標準とデータベースによるプロジェクト管理の改善
まずは、プロジェクトマネージャとしての自らの責任をしっかりと受け止める必要がある。プロジェクトの対象範囲、時間、コストの各制約に関与するのは自分ひとりであるかのように振る舞うのだ。実際、標準を採り入れていない組織では、そうした制約が自分自身にはね返ってくることが多い。残念ながら、これら3つの制約の最低2つを定義できない限り、何も手をつけないうちにプロジェクトの命運が尽きてしまうおそれがある。当面は、持てる時間内で今ある仕事に対して最善を尽くすことだ。標準の確立に努めていれば、やがては課せられた責任に心地よささえ覚えるようになるだろう。自分のプロジェクト管理の進め方に手応えを感じたら、今度はそれを徐々に他の人々と共有していくとよい。

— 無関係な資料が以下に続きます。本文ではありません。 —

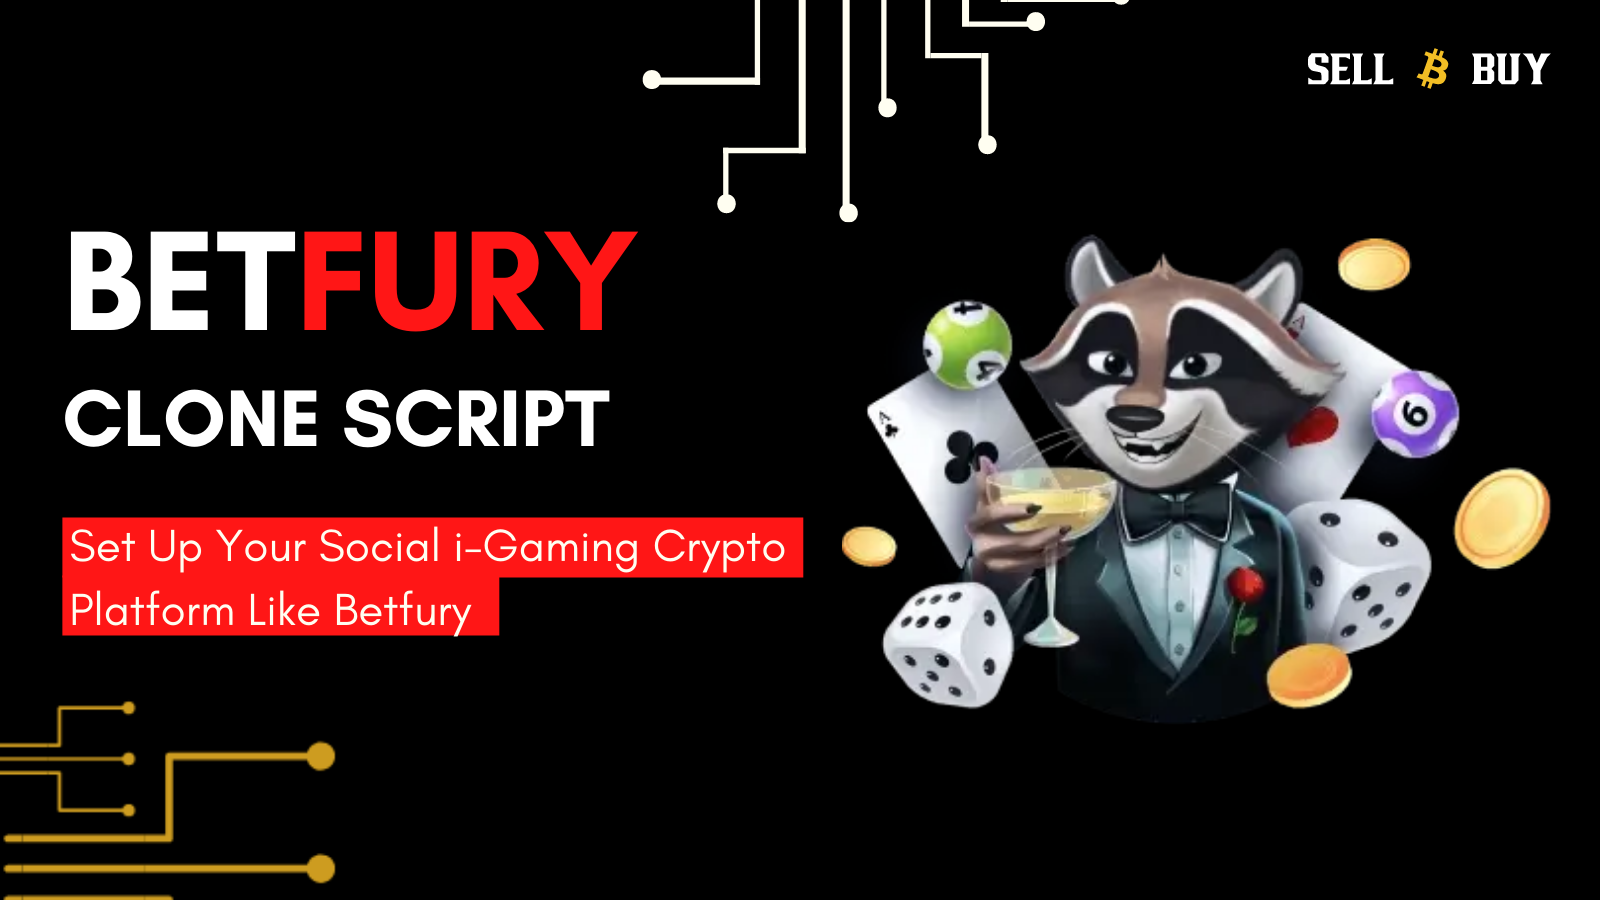 Betfury Clone Script: First Game Platform In Social i-Gaming

ただし、プロジェクト管理手順に対する部下たちの無関心な態度は決して変えられないことを心得ておかねばならない。また、あなたが成功させたやり方が経営陣によってすぐに採用されるとは思わないことだ。そうすれば、他の人々を教育する必要性を感じることなく、標準の確立に向けてうまく取り組めるだろう。ほとんどの人はあなたの采配ぶりを気にすることはないが、速やかに軌道に載せて予定通りに完了させ、余分なコストをかけないことを望んでいる。とりあえず、経営層が何らかの手順の導入に乗り気になるまでは、自らの手順を定義して従うことになる。
標準を採用する
プロジェクトマネージャに必要なのは、自らが手がける2つ以上のプロジェクトに共通するタスクのリストである。たとえば、どんなプロジェクトにも予めその活動範囲を示す一覧表が必要になり、そうした一覧表は特定のタスク群で構成される。わかりきったことを書き出す必要はないが、従うべきプロジェクト管理の標準は定めておかねばならない。以下に、とっかかりになる簡単な例を示そう。
- 伝統的な3つの制約
- Jason Robbins氏のプロジェクト計画
- ジョージア工科大学(Georgia Tech)のテンプレート
- VITAのコアプロセス知識標準(core process knowledge standard)

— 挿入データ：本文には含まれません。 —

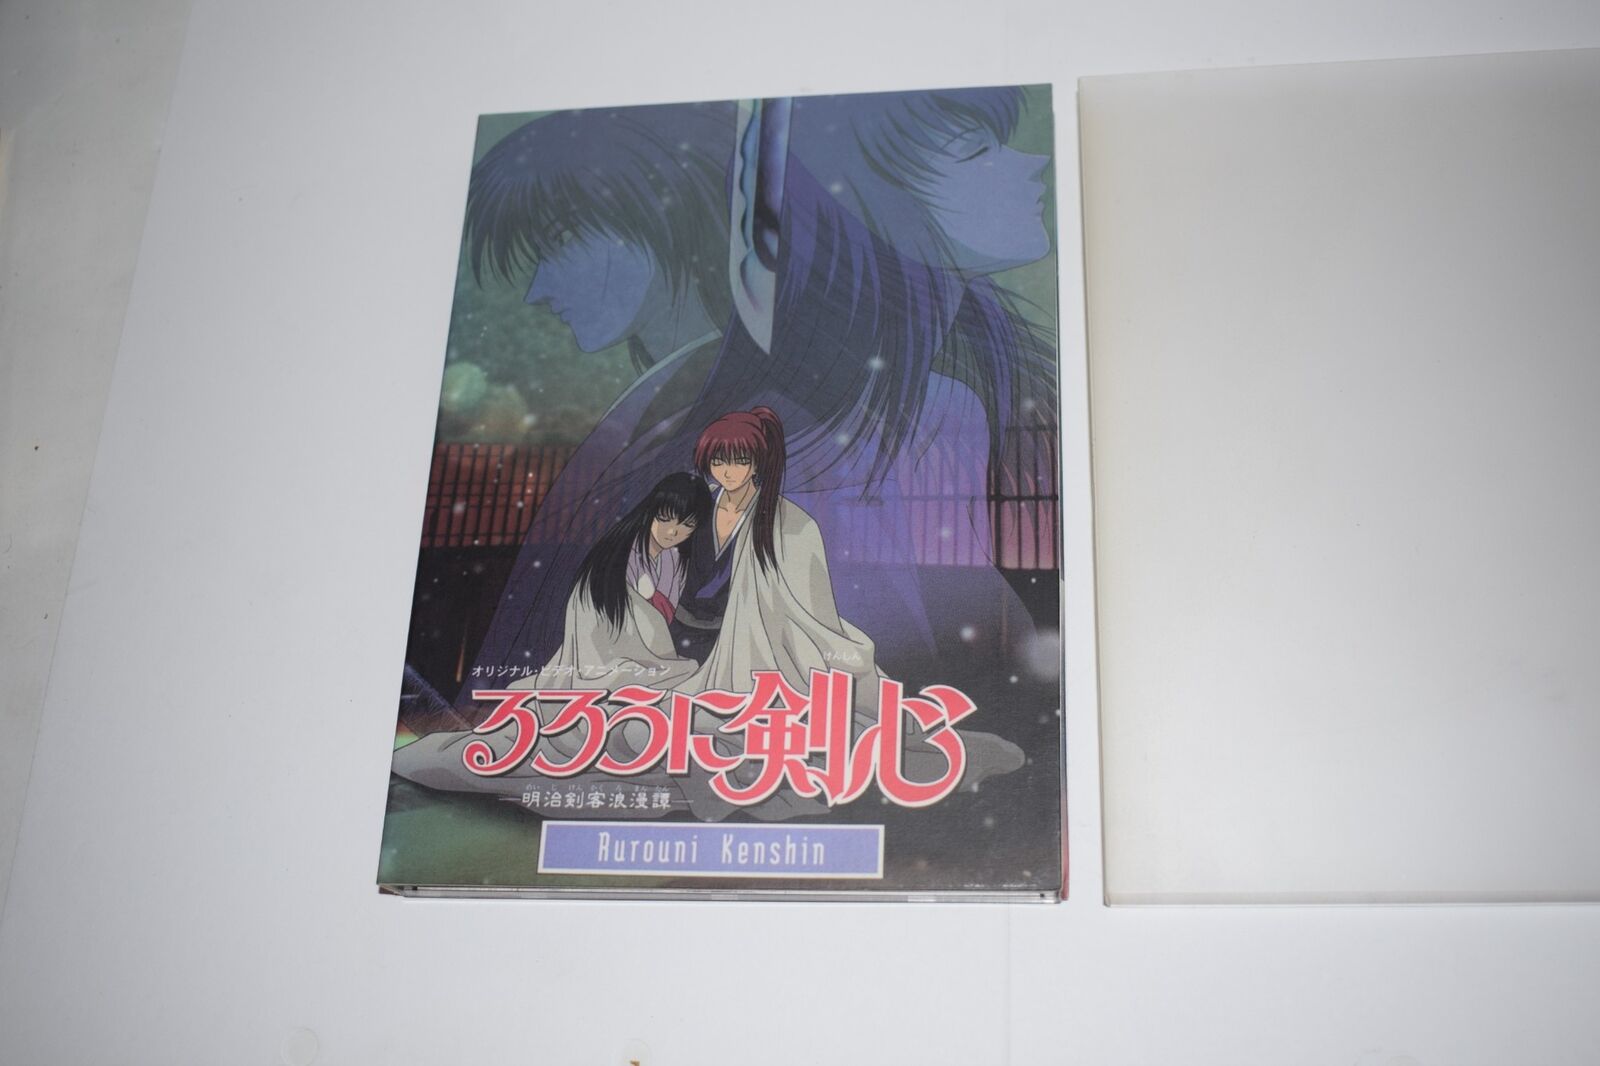 333 Rurouni Kenshin Ultimate Ova Collection 2-disc dvd set (CHI14)

意欲的に取り組みたい人を対象としたものとしては、Project Management Institute(PMI)が強く支持されており、各種標準の概要がわかりやすく説明されている。また『 A Guide to the Project Management Body of Knowledge, Third Edition 』(PMBOK)という専門書を1冊手元に置いておくとよい。多くの書店で手に入るはずだ。このPMBOKには、先に挙げた3つの制約の範囲内でプロジェクトを管理するのに必要なタスクが定義されている。ただし、PMBOKにはさしあたって必要なこと以上の情報が記されているので、初めて読む場合にはまず70ページを開いてシーケンスの考え方を理解すること。そのあ後、第4章から目を通し、各章のまとめに記されている「Outputs」を利用して、自らのプロジェクトのタスクを作成していく。
可能なら必ずテンプレートを利用する
自ら用意した標準を適用してテンプレートを作成すれば、想像以上に時間を節約することができる。作成したテンプレートをクッキーの型抜き器のように使ってプロジェクト遂行の管理に役立てれば、プロジェクトの計画やドキュメントの管理に時間をとられずに済むのだ。最初はMicrosoft Projectの大げさなテンプレートと、補助用のドキュメントとして有効なWordおよびExcel文書のいくつかを利用していたが、結局それらによって時間を大幅に節約できるのは、自分のテンプレート、プロジェクト管理計画、ドキュメント、プロジェクト計画、ステータスレポートをデータベースに移行するときだけであることがわかった。そこで、次のような機能を備えたプロジェクト管理のソフトウェア製品を検討するとよい。
- テンプレートを使用してワンクリックでドキュメントや計画が作成可能
- 日々のタスクに対するソート、フィルタリング、編集が容易
- すべてのステータスレポートを同一の作業用データベースから作成
- あるプロジェクトの活動が別のプロジェクトにどのように影響するかを確認できるレポートの作成
- 完了したプロジェクトを振り返って将来のプロジェクトの見積りに活用できるレポートの作成
予算が十分になければ、自分でデータベースを構築してもよい。最初は、次の5つのテーブルがあれば十分である。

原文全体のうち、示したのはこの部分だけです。